*** Opening Input data ***

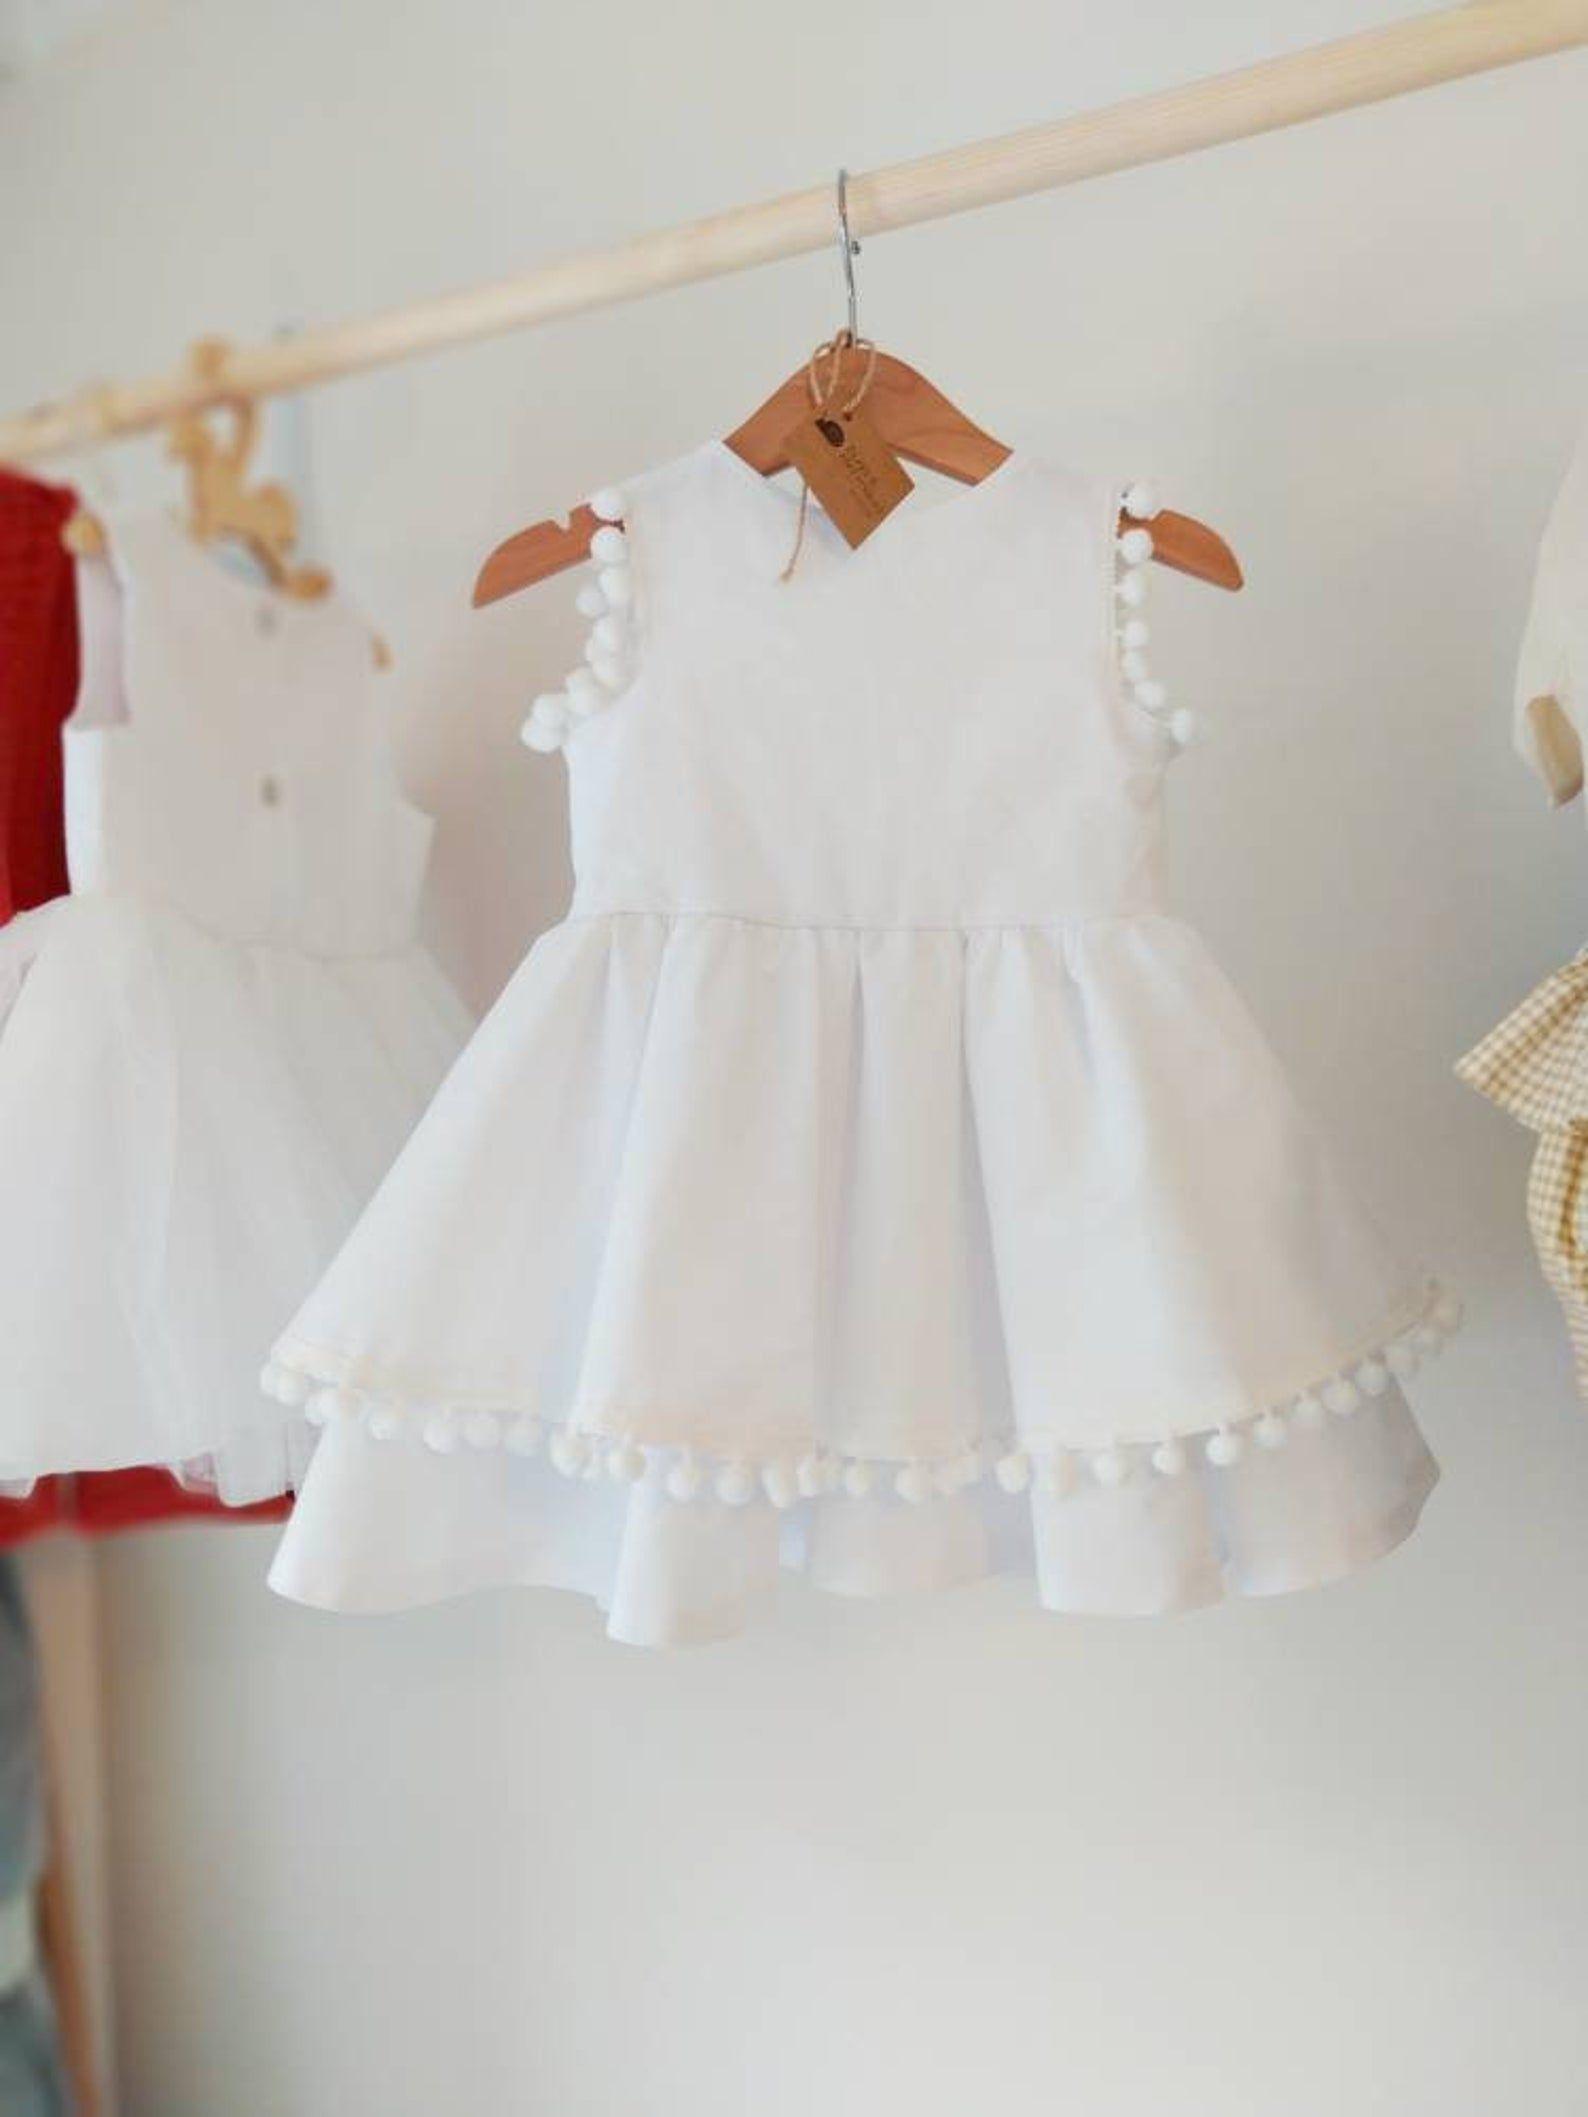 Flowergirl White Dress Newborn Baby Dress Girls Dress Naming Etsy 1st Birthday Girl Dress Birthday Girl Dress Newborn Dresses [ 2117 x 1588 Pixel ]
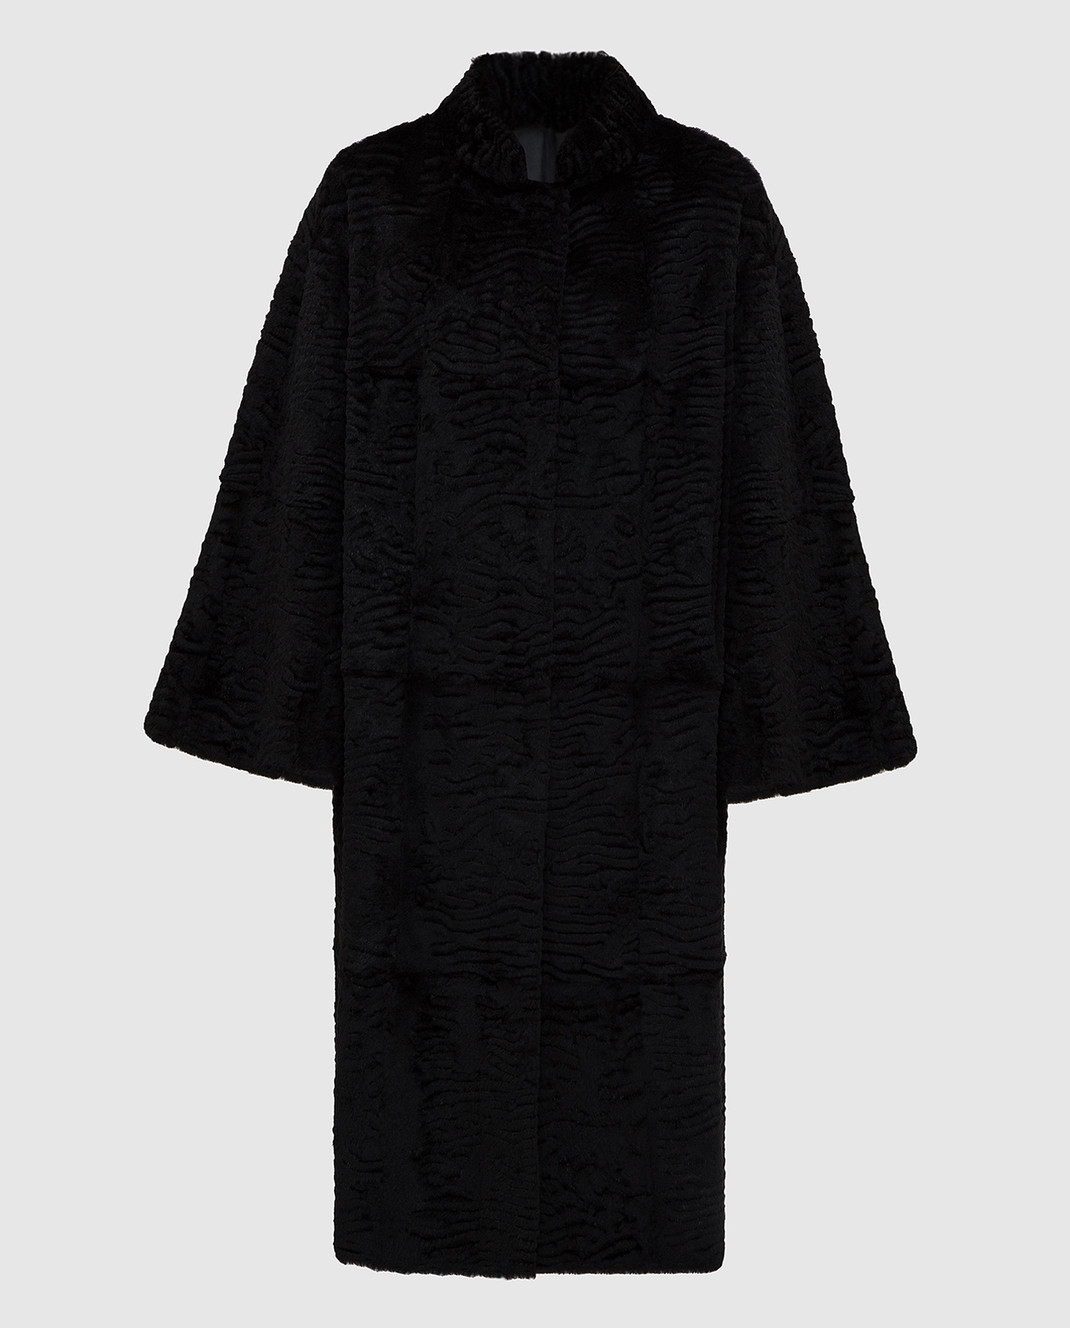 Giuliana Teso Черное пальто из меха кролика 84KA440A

*** Closing Input data ***
*** Opening Input data ***

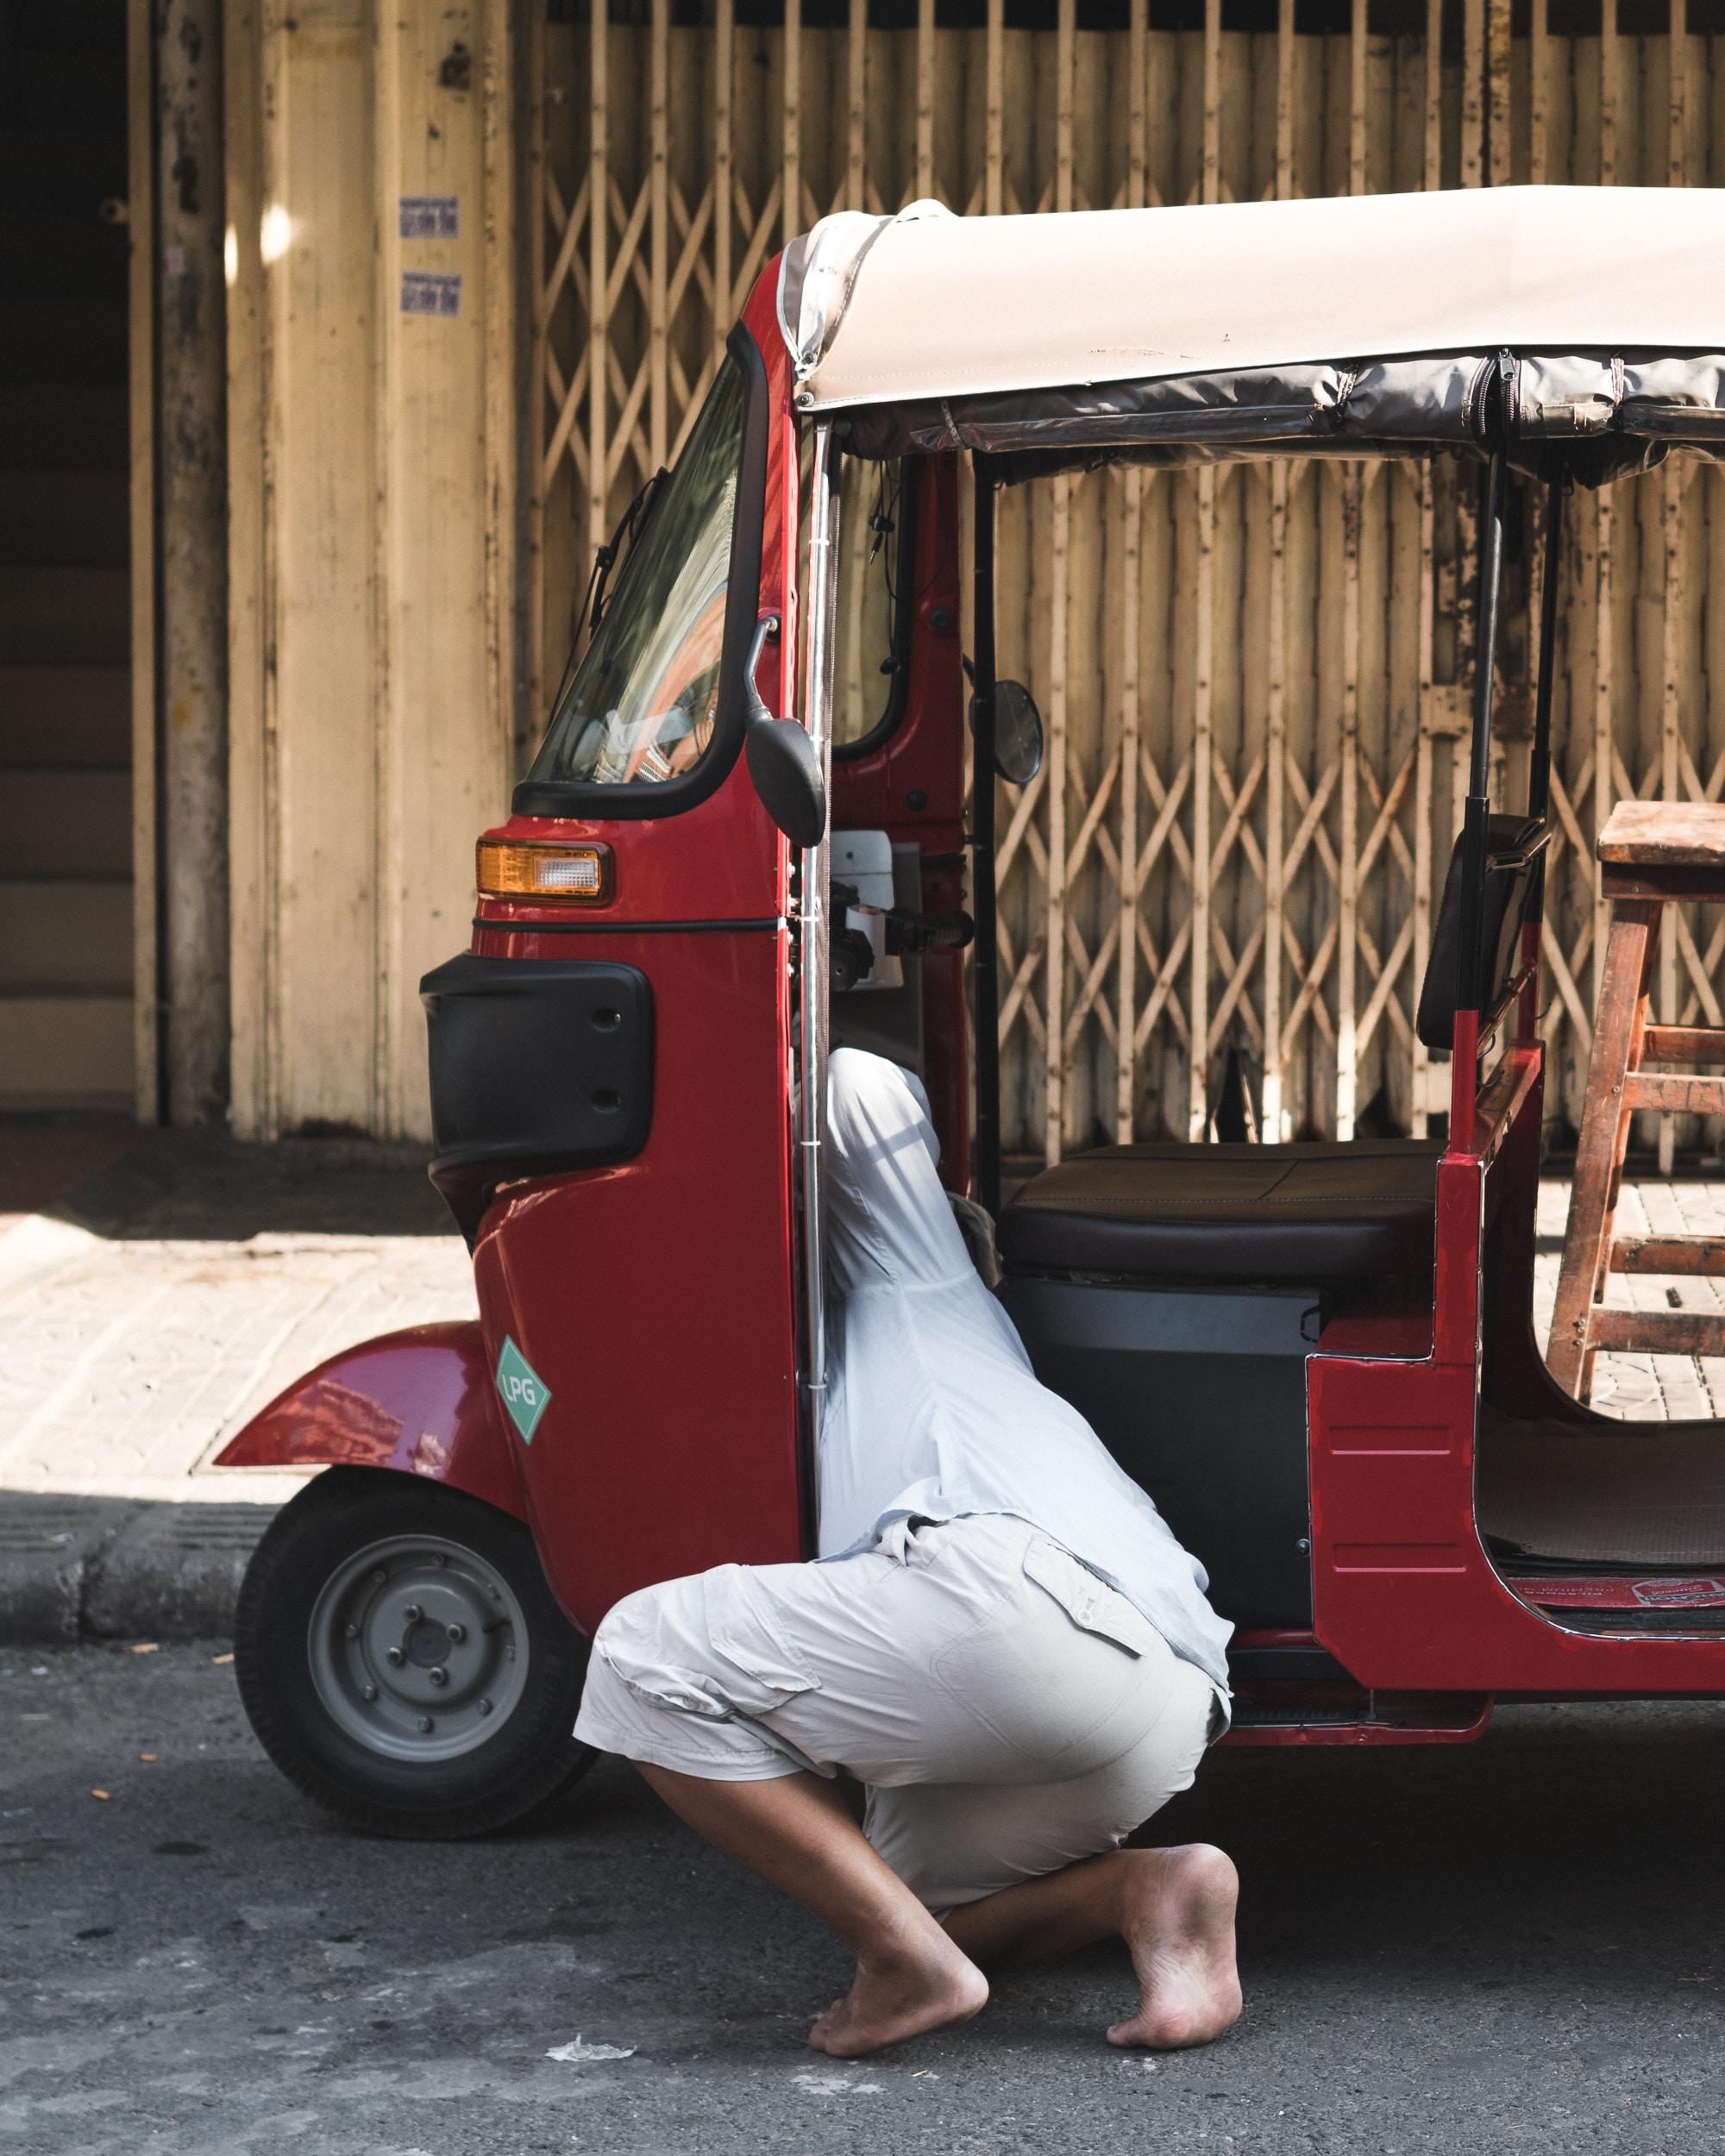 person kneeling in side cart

*** Closing Input data ***

§ What the exercise asks: The lines above starting at the one that holds "Flowergirl White Dress" and ending at the one that holds "Giuliana Teso Черное" are to be written out exactly, ends included, and no pictures are to be copied.

§ Exercise response:
 Flowergirl White Dress Newborn Baby Dress Girls Dress Naming Etsy 1st Birthday Girl Dress Birthday Girl Dress Newborn Dresses [ 2117 x 1588 Pixel ]
 Giuliana Teso Черное пальто из меха кролика 84KA440A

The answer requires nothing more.